Effects of Fine Particles on the Suffusion of Cohesionless Soils. Experiments and Modeling

Abstract

Internal erosion has long been a major problem associated with earthen structures, and its field investigation has been limited because of its complexity. Laboratory experiments provide a potential insight into the induced processes. Soils suitable to suffusion involve an easy movement of fine particles between the coarse ones. In this study, suffusion experiments were performed on a laboratory column packed with different sand–fines mixtures and subjected to controlled flow conditions. The mixtures are made of Fontainebleau sand (NE34) and fines (kaolinite or illite or silt). The initiation and the progression of soil suffusion were investigated for soil mixtures, and the hydraulic conductivity variation was derived from pressure measurements. Attempts are made to assess the influence of the type and content of fine particles on mixtures suffusion. The results show that among the tested fine particles, illite exhibits a great resistance against suffusion. Fine content increase involves less suitability to suffusion till a threshold value.

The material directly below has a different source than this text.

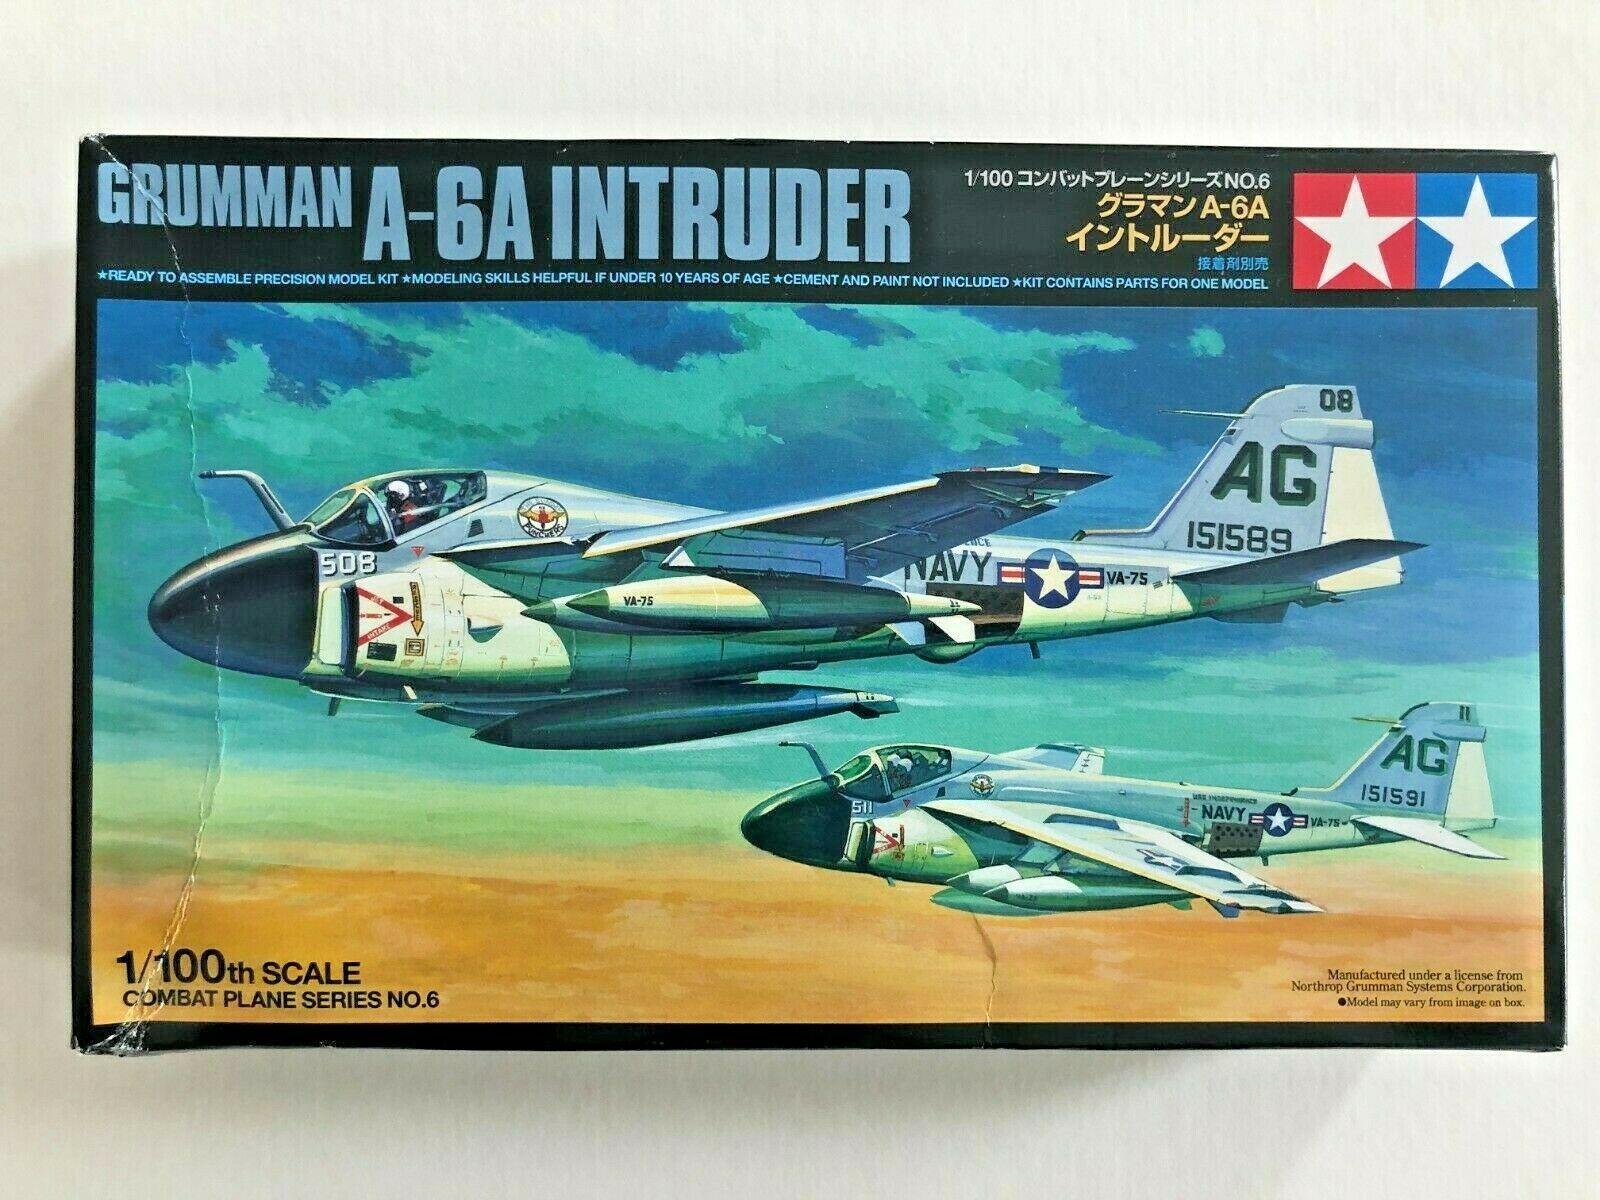 Grumman A-6 Intruder Wallpapers

Recorded pressures indicate that detachment of fines may be followed by clogging in the soil matrix, leading to a decrease of hydraulic conductivity. Furthermore, analytical solutions of simplified mathematical model based on the mass conservation of eroded particles (Govindaraju et al., J Hydrol 172:331–350, 1995) were used to simulate the recorded soil suffusion curves, and the model performance was evaluated. Comparisons between numerical and experimental results indicated a quite good agreement, and allowed the estimation of the model parameters.